** Opening Data section block **

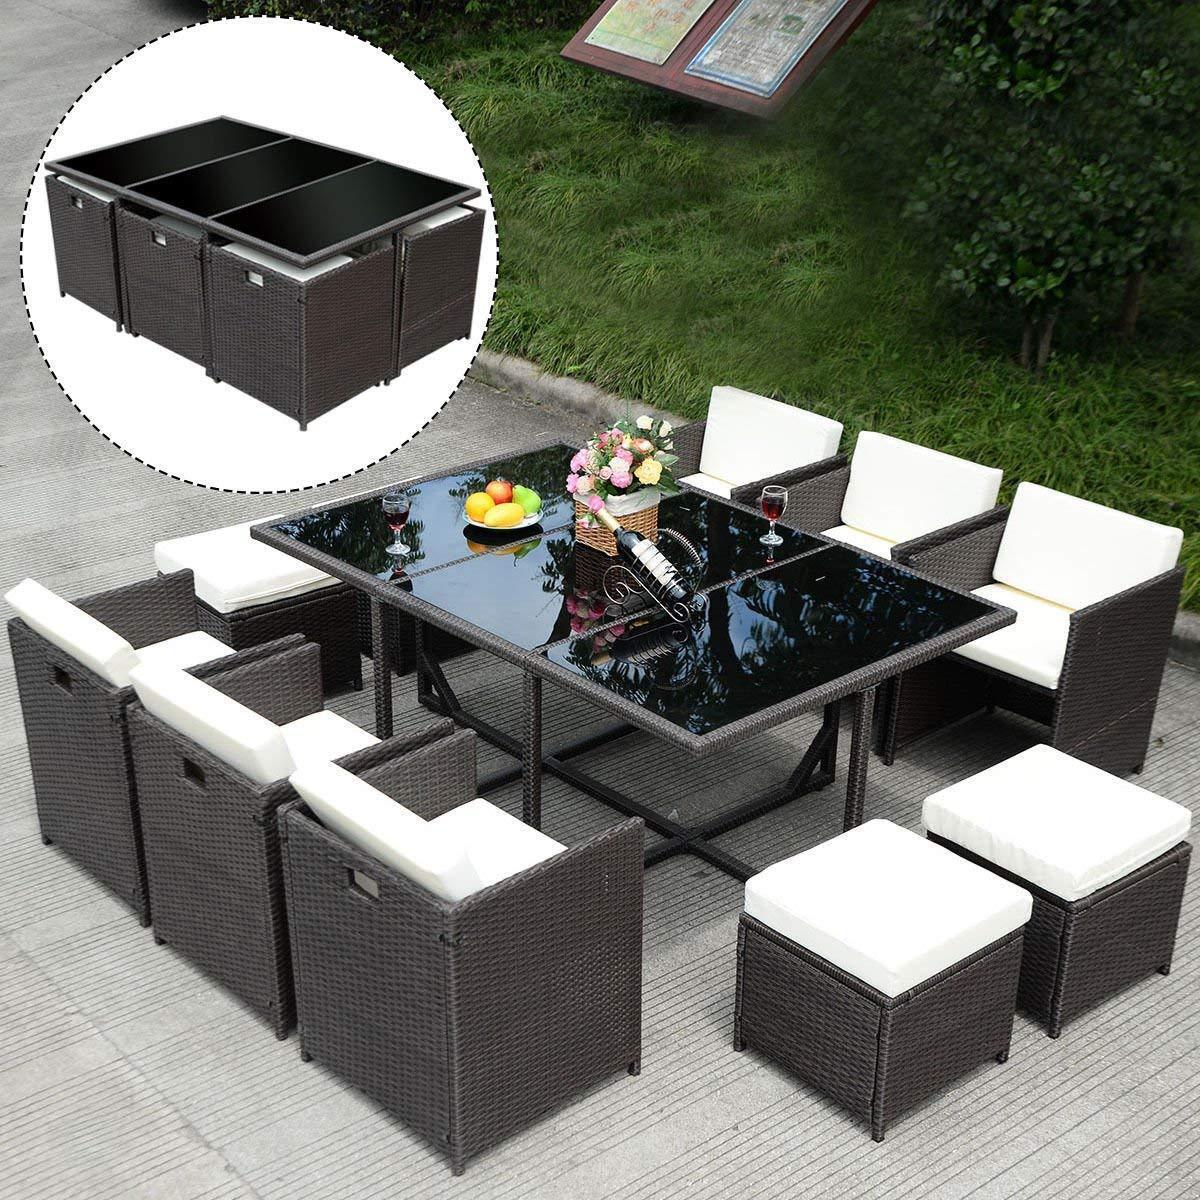 Garden Furniture - Patio Furniture Outdoor Wicker Rattan Dining Set Cushioned Seat Garden Sectional
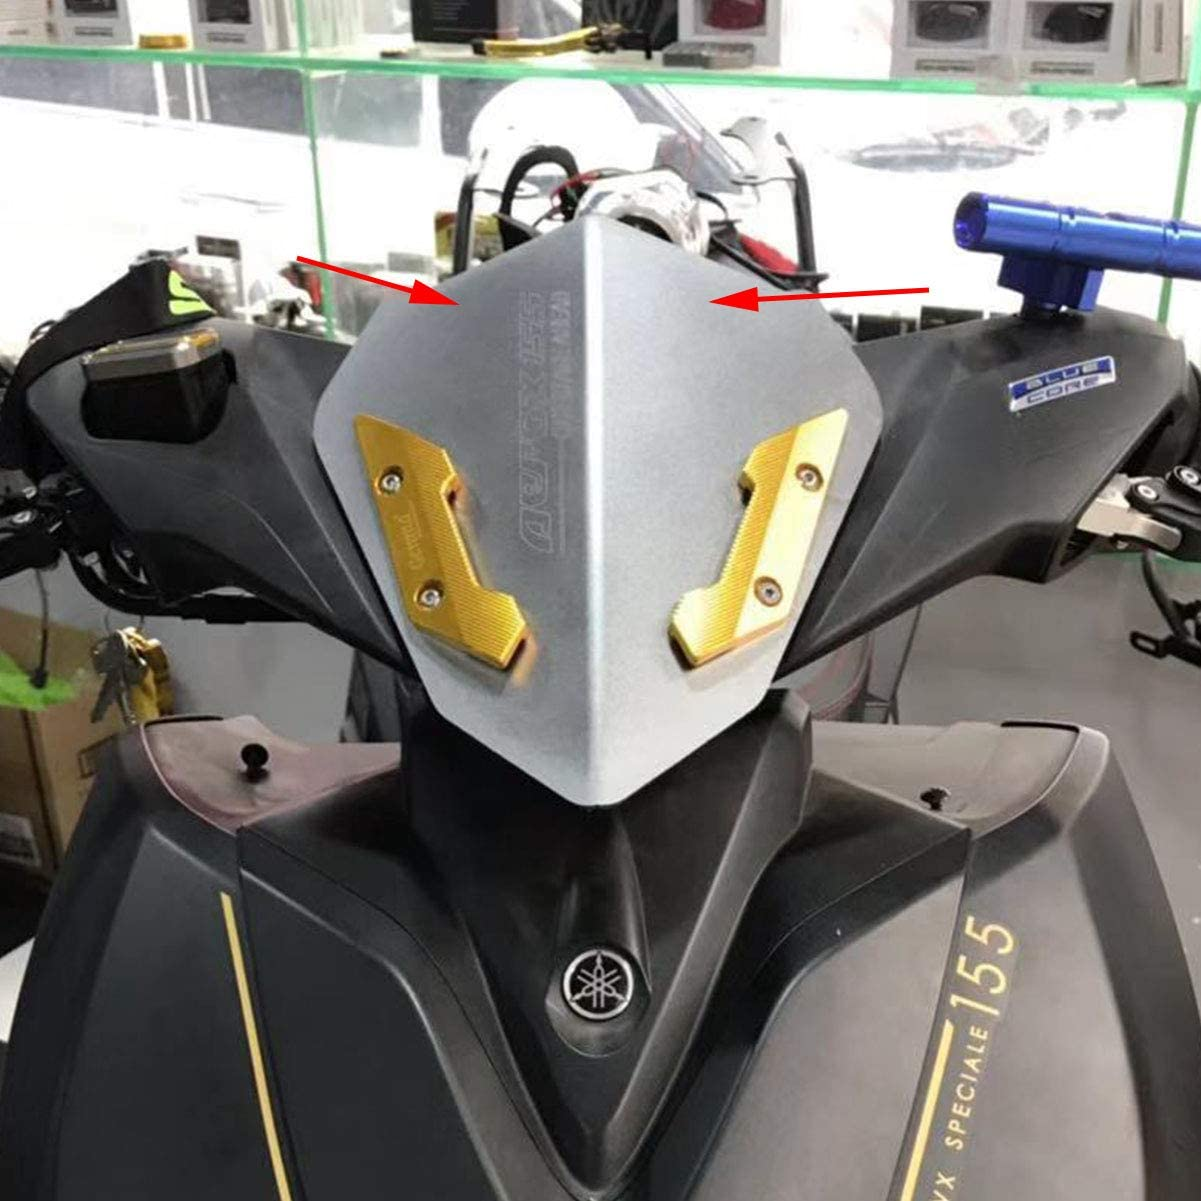 Semspeed Windshield For Yamaha NVX155 2017 2018 Aerox 155 2018 2017 NVX 155 Aerox155 Windscreen Air Deflector Scooter AEROX 155 NVX 155 Black
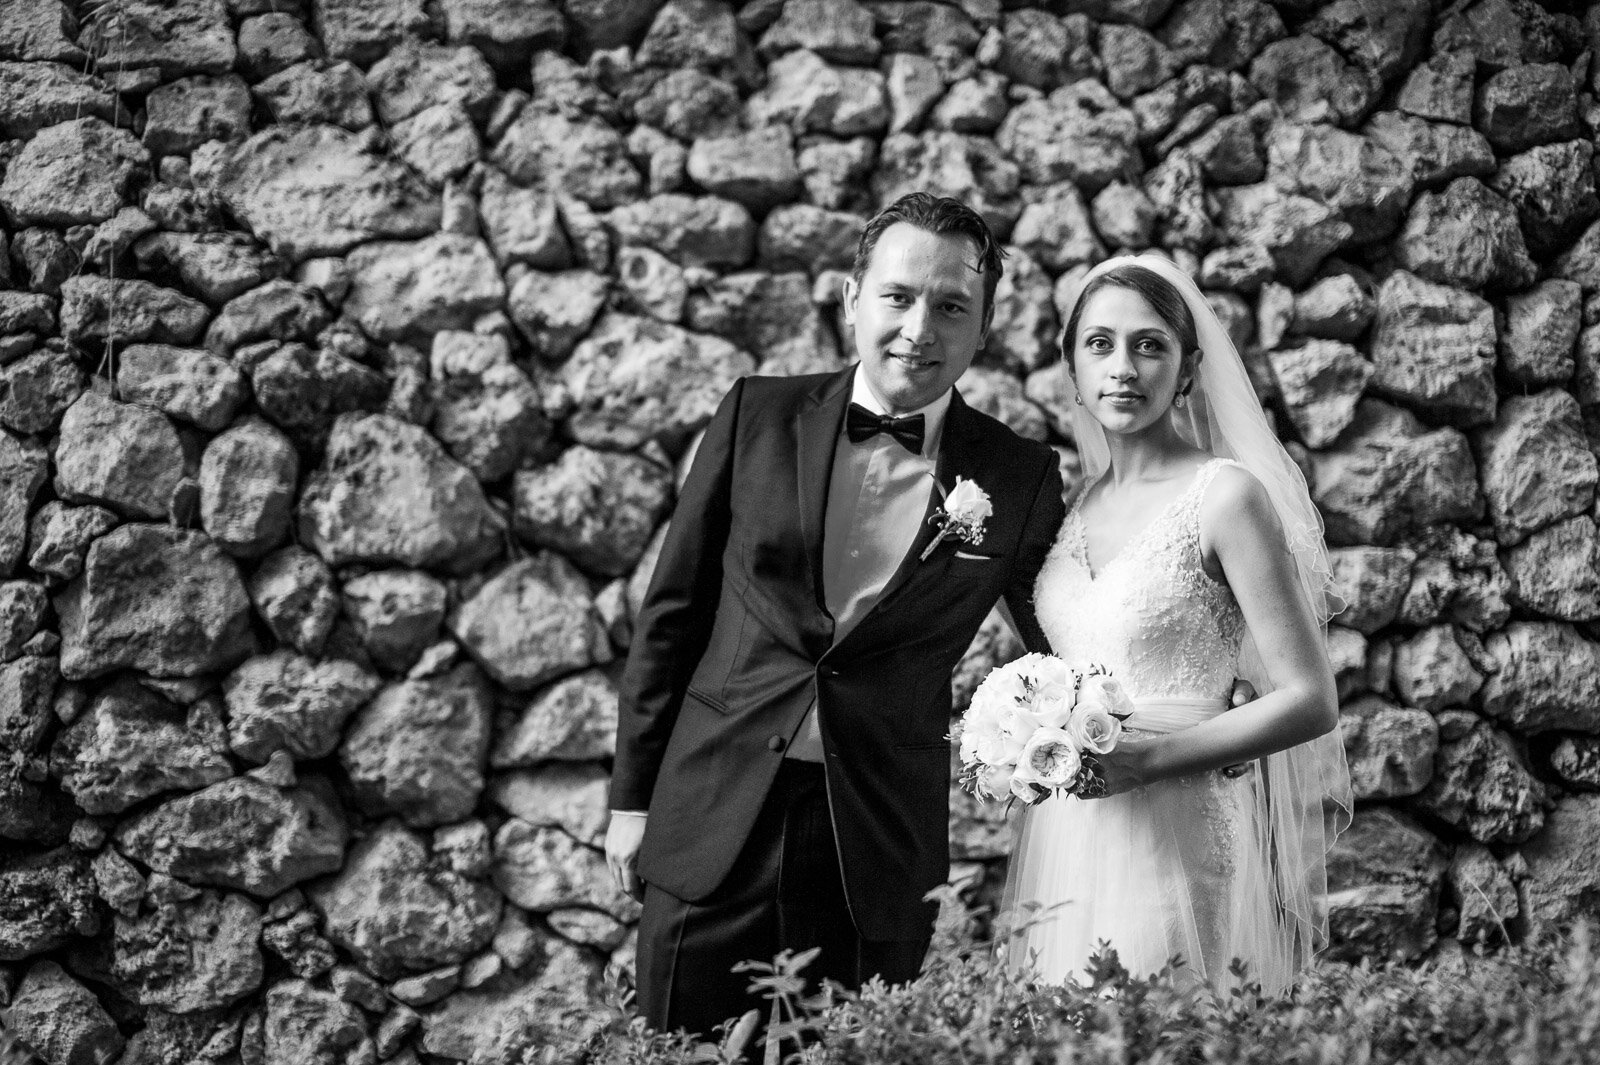 Russian Wedding in Villa Cimbrone Costiera Amalfitana 24.jpg

** Closing Data section block **

Nothing but the lines from the one with "Semspeed Windshield For" through the last line of the material above should appear in the answer, each copied exactly, with no pictures.

 Semspeed Windshield For Yamaha NVX155 2017 2018 Aerox 155 2018 2017 NVX 155 Aerox155 Windscreen Air Deflector Scooter AEROX 155 NVX 155 Black
 Russian Wedding in Villa Cimbrone Costiera Amalfitana 24.jpg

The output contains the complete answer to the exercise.